Donde termina el (pre)juicio, empieza la verdad



Vivimos entre espejos que no elegimos, pero que, sin embargo, deforman nuestra imágen. Hay quienes, desde las sombras de sus propios miedos, proyectan dudas y cuestionamientos hacia terceros, como si esos caminos debieran ser juzgados por el prisma de sus propias inseguridades.


Me resulta llamativo como se construye una vida en la negatividad, una fortaleza desde la cual lanzan juicios y determinaciones al mundo todo. Tal vez lo hagan para apaciguar su propio caos, para sentirse menos solos en el vacío de sus certezas perdidas.


Pero, cuánto de esa oscuridad decidimos aceptar como nuestra? Por qué dejamos que su visión estrecha manche el horizonte amplio de nuestras mismas posibilidades?


Posteriormente, la soberbia, ese manto pesado con el que algunos se cubren para elevarse artificialmente. Creen saber, entender, poseer mas, desde una moral impoluta desde la cual pueden dictar sentencias que no les corresponden.


Juzgan como dueños de una verdad universal que nadie concedió, como si su superioridad autoimpuesta otorgara un derecho de condicionar vidas ajenas. Moralistas de ocasión, dictan reglas que ni siquiera aplican a sus propias existencias.

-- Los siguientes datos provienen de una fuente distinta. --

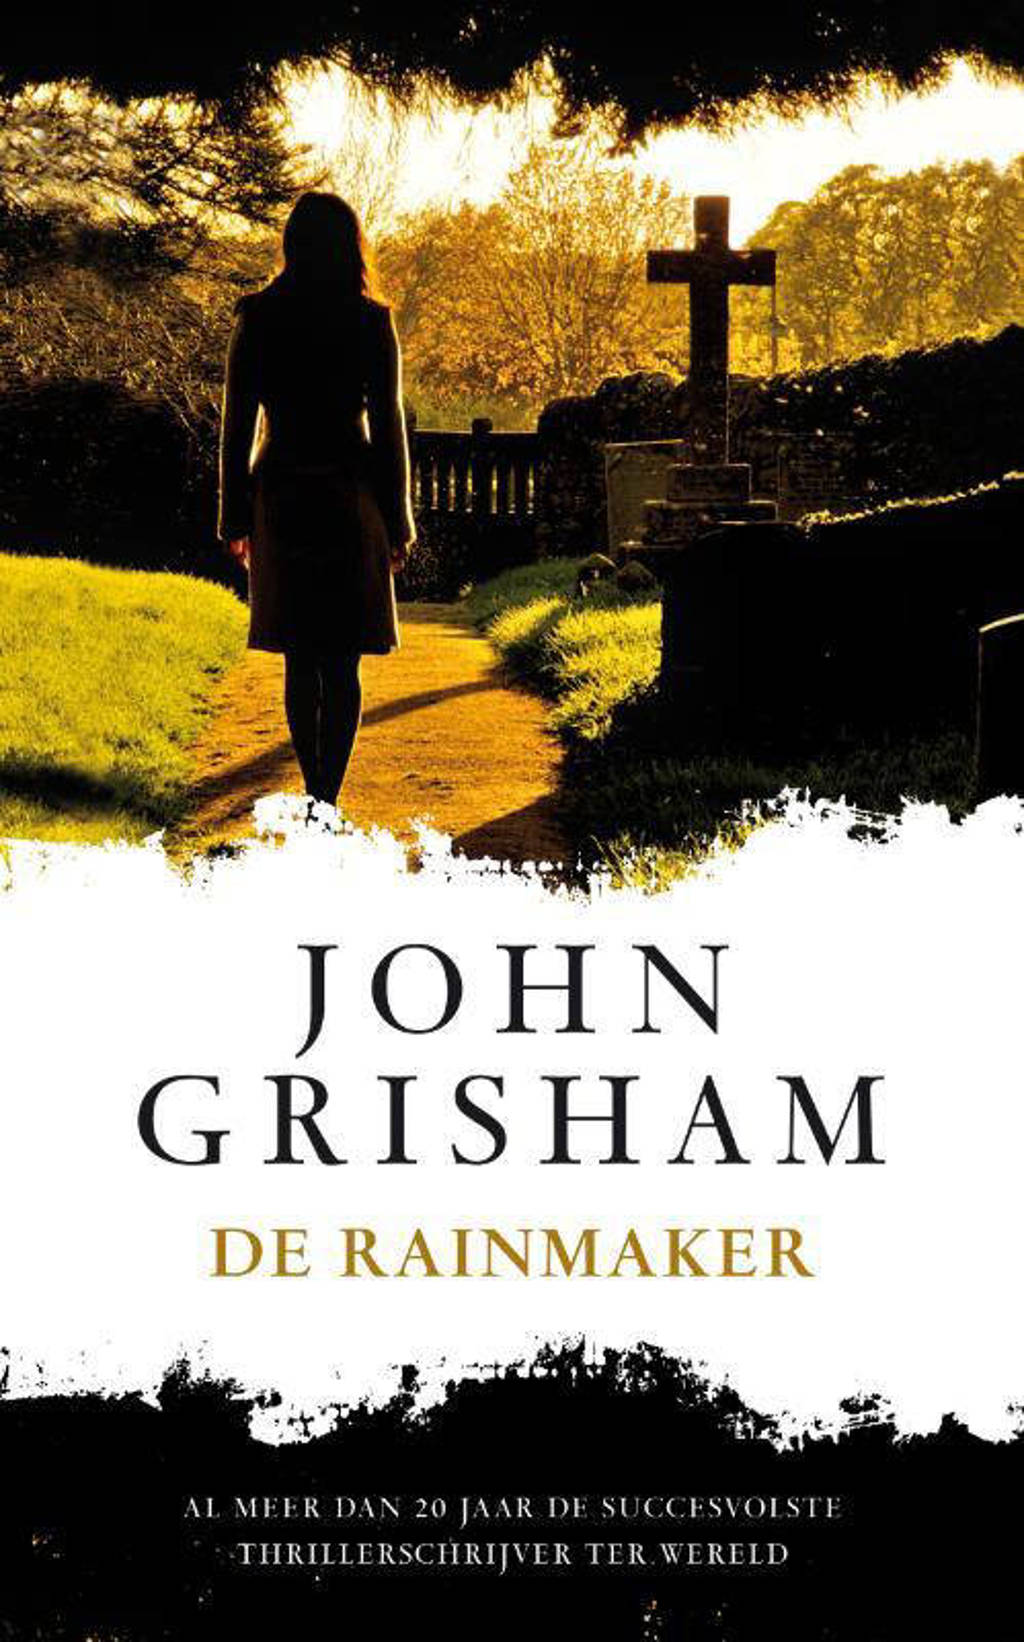 De rainmaker - John Grisham

Señalan desde la lejania, inmunes al impacto real de las cuestiones que condenan, seguros de que su determinacion es una contribución al orden del mundo. Pero, no existe nada más egoísta que pretender moldear la vida de otros bajo la sombra de nuestras propias carencias.

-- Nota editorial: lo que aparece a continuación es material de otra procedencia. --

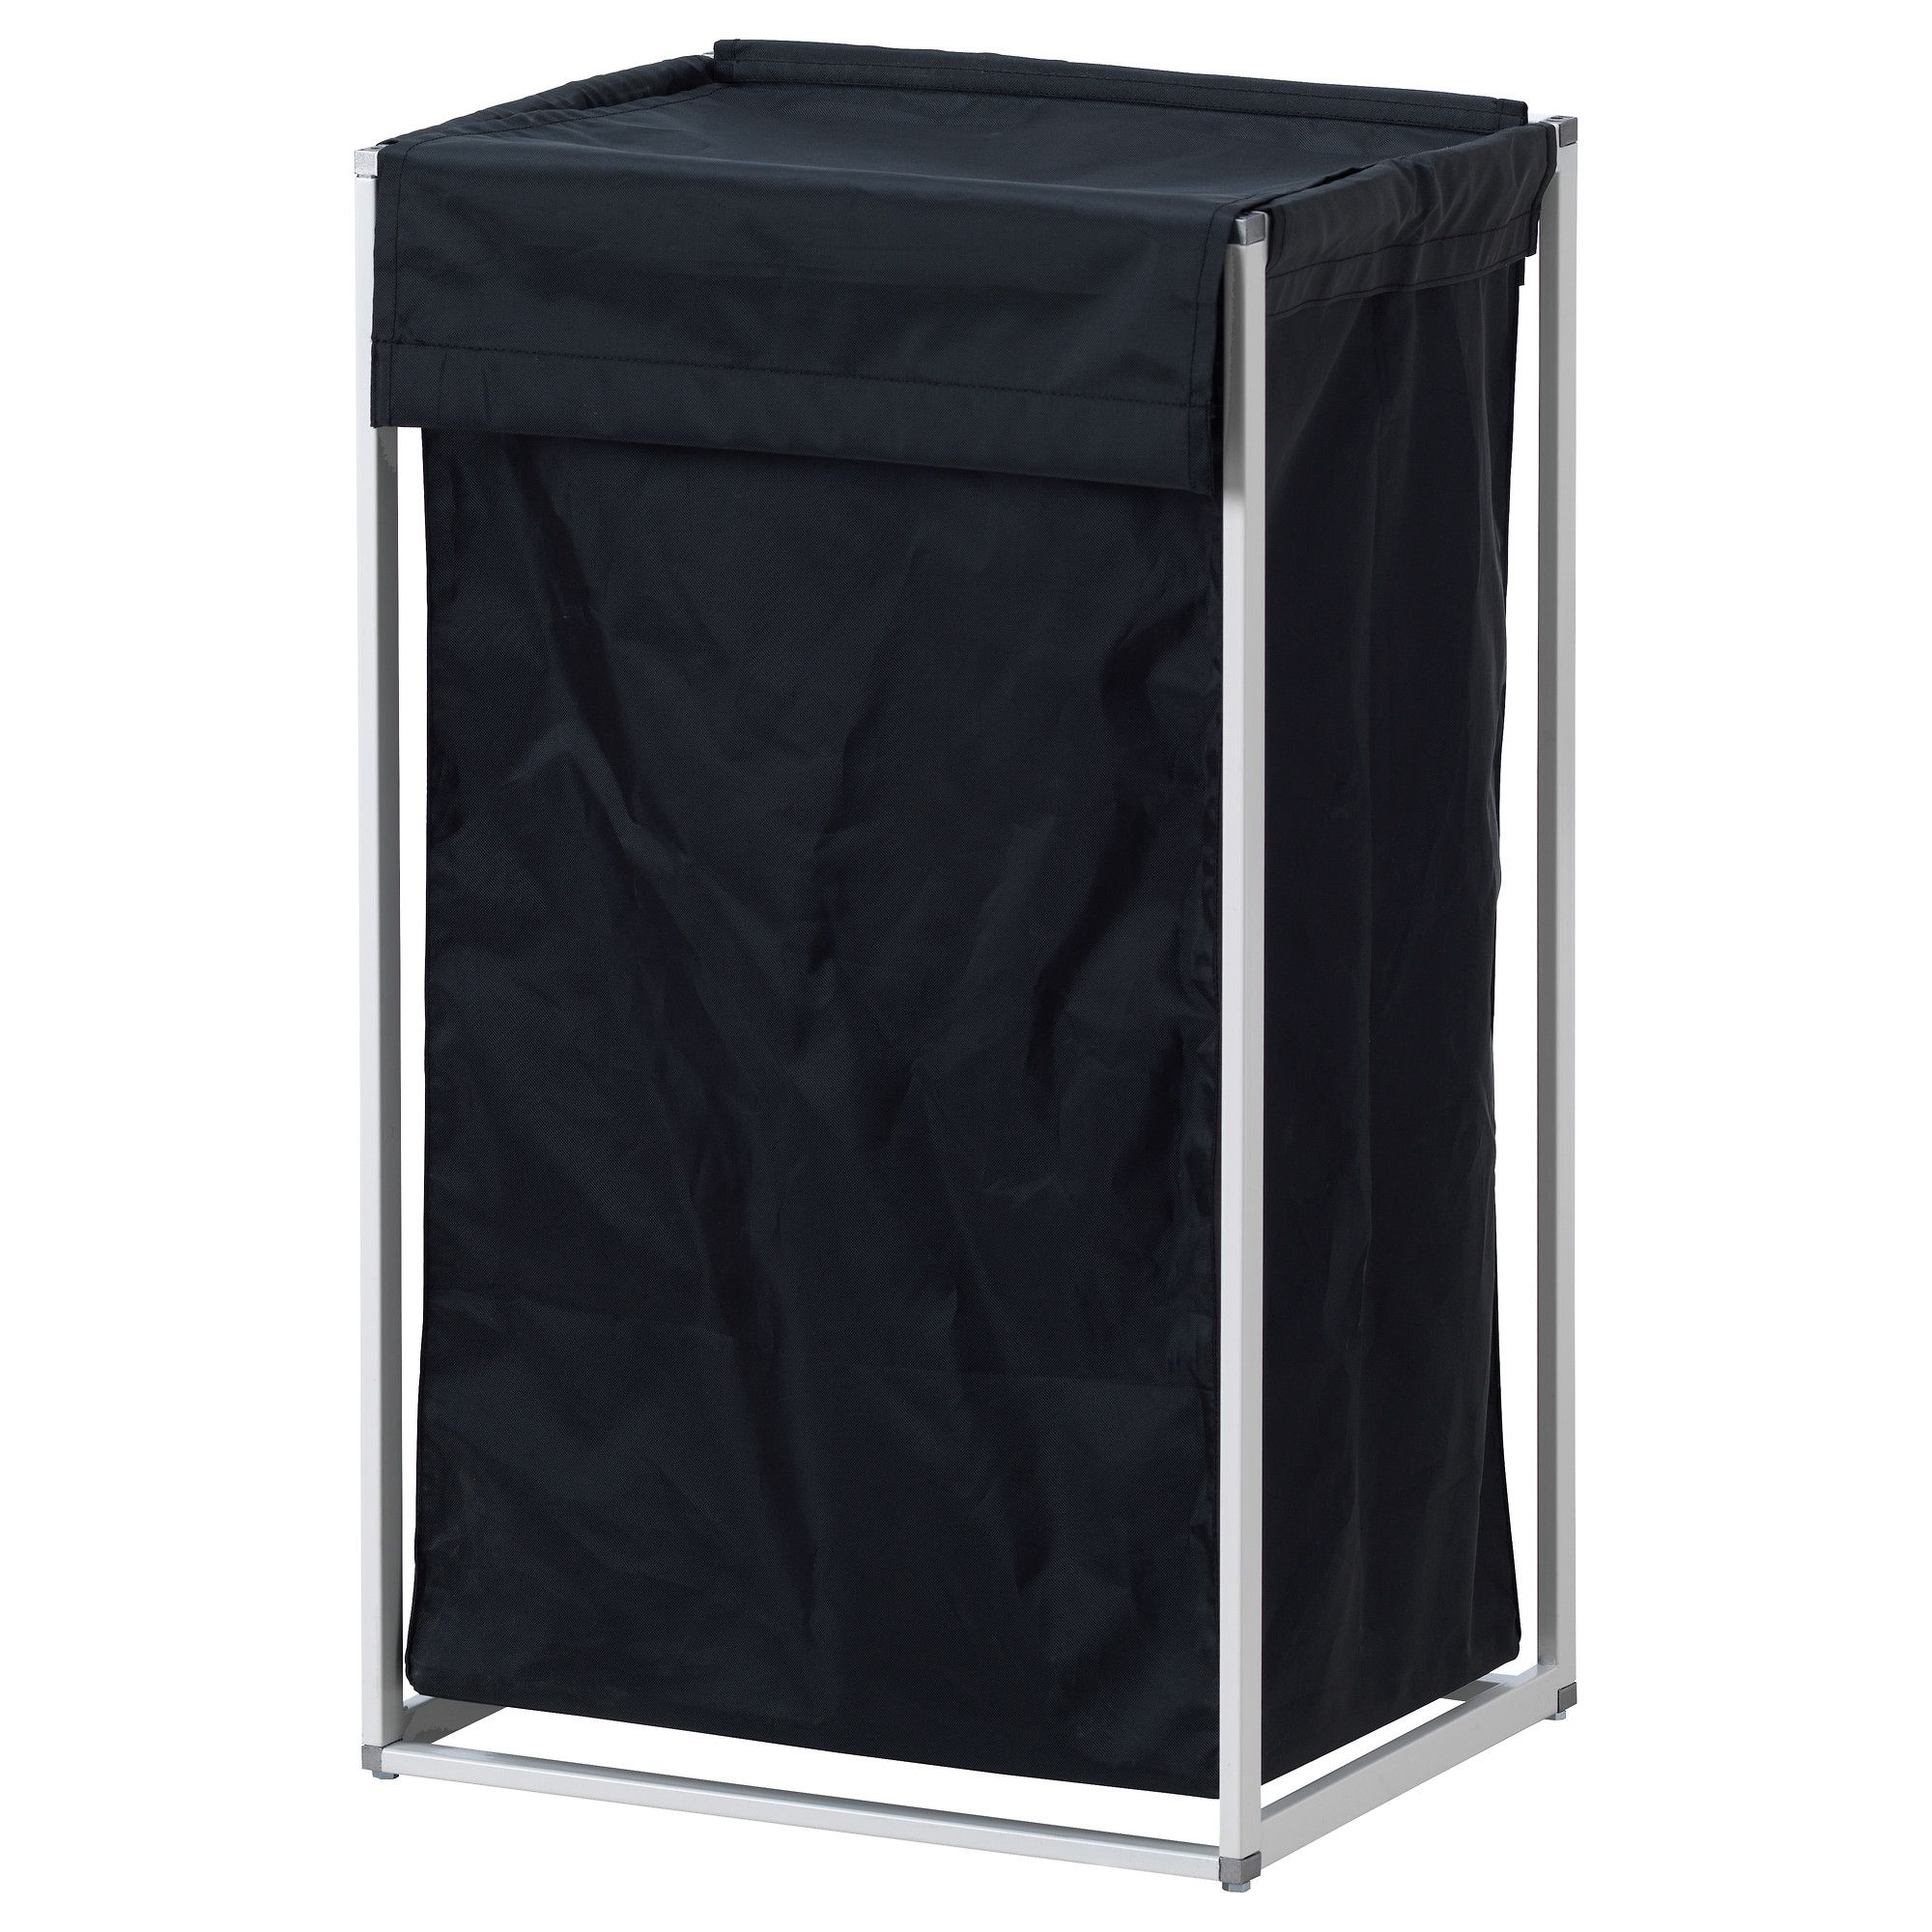 ANTONIUS Laundry bag with stand, black   IKEA $12.99   Organize Me ...

Luego está el delicado arte de valorar a las personas. Hay una distancia insondable entre cómo las imaginamos antes de que entren en nuestra vida, cómo las sentimos cuando compartimos el presente y cómo las reinterpretamos cuando ya no están.

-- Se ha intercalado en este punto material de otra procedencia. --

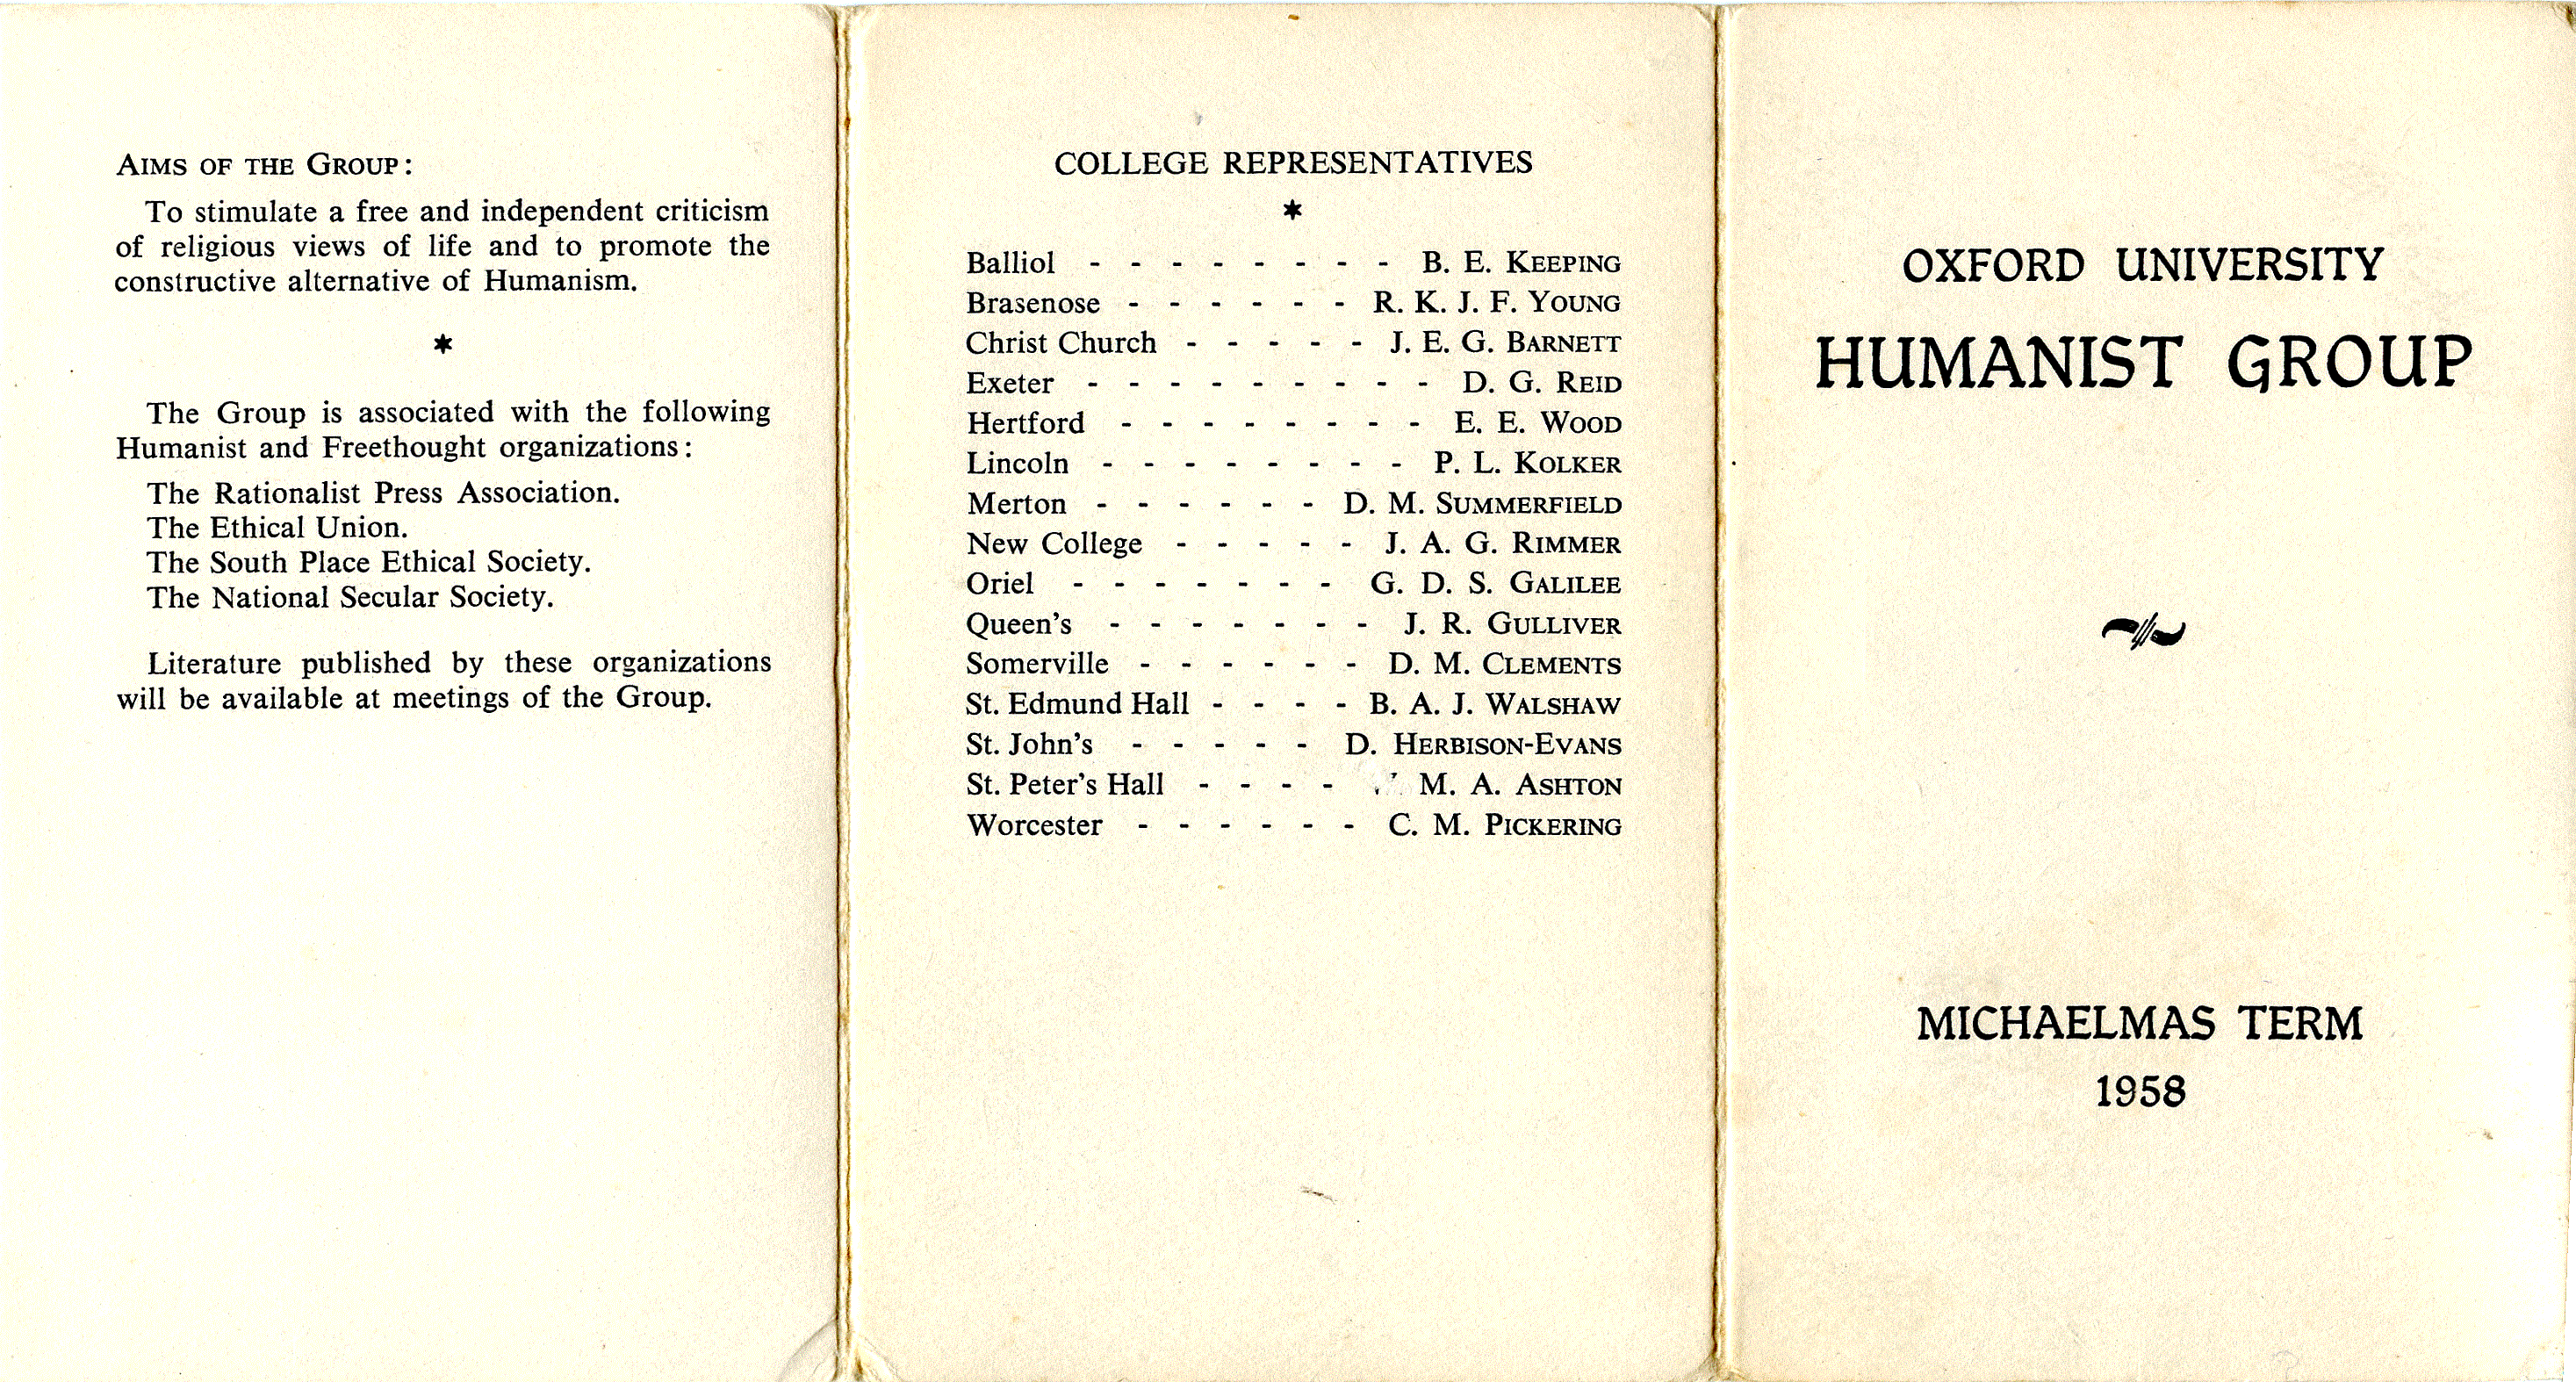 michaelmas-1958-a

Lo cierto es que vivimos atrapados en un diálogo constante entre el eco de otros y el sonido rumiante de nuestra propia voz. Y en esa batalla, el verdadero desafio no es silenciar al mundo, sino aprender a escucharlo sin perderse en el ruido, reconocer, que quienes nos rodean tienen el poder de influir, pero no de definirnos.


Porque finalmente, la única forma de valorar sin distorsión es entender que todo ser humano es un reflejo imperfecto, no de nuestras expectativas ni de las opiniones ajenas, sino de la compleja belleza de ser, simplemente, imperfectamente humano.